§ INPUT MATERIAL:
▼
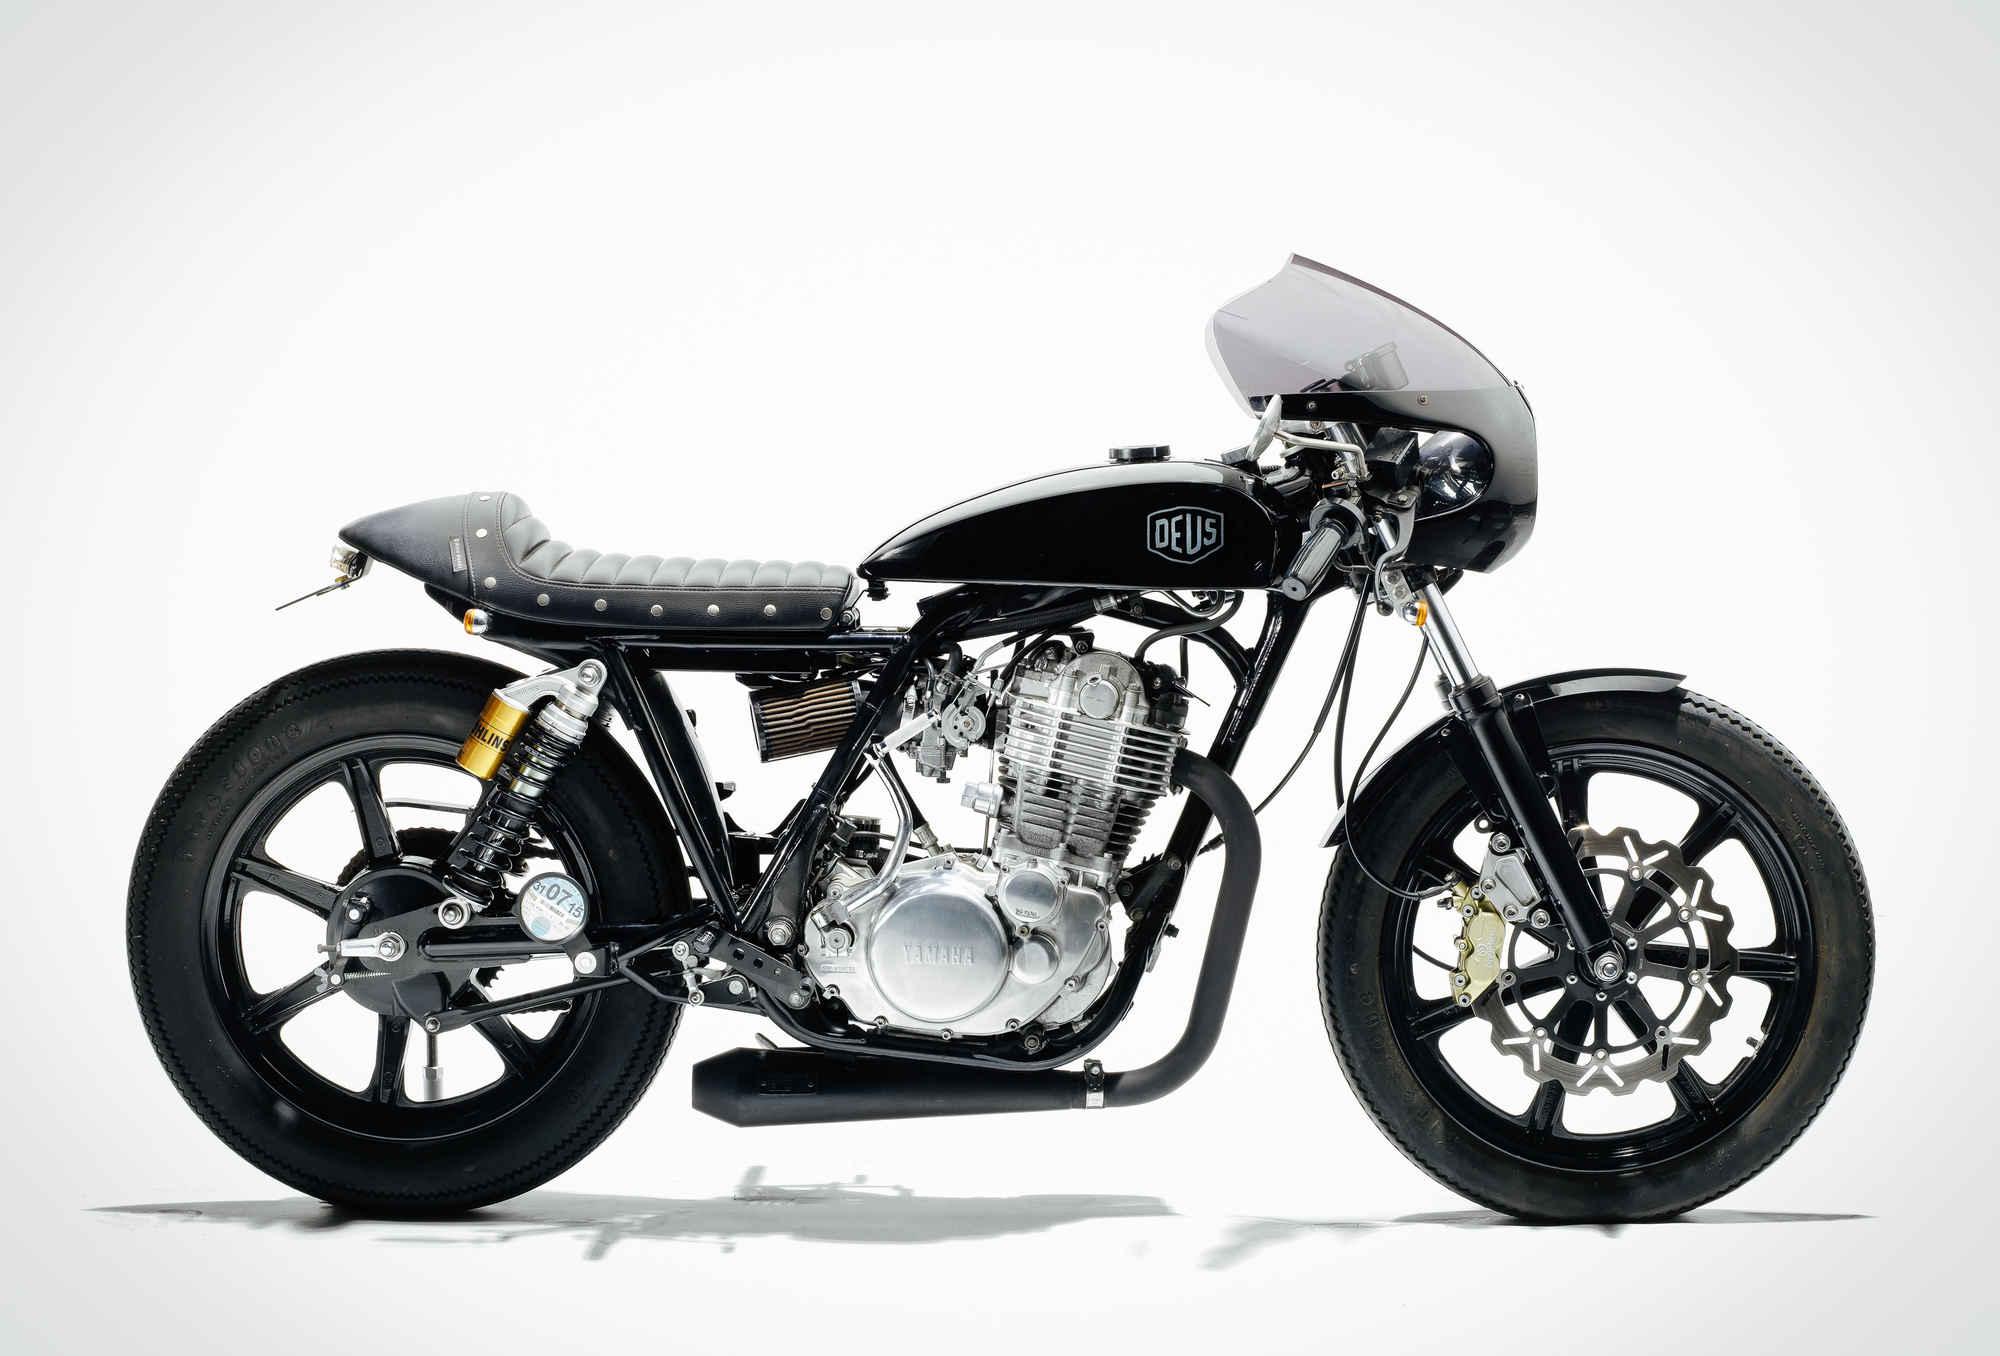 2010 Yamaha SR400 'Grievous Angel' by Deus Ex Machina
▲
▼
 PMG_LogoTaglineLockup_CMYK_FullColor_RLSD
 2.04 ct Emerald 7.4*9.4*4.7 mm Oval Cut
▲
§ YOUR INSTRUCTIONS: In the entries above, please find the line with "PMG_LogoTaglineLockup_CMYK_FullColor_RLSD" and the line with "2.04 ct Emerald 7.4*9.4*4.7 mm Oval Cut", then write out exactly those two lines and every line between them, and nothing more.

§ WRITTEN REPLY:
 PMG_LogoTaglineLockup_CMYK_FullColor_RLSD
 2.04 ct Emerald 7.4*9.4*4.7 mm Oval Cut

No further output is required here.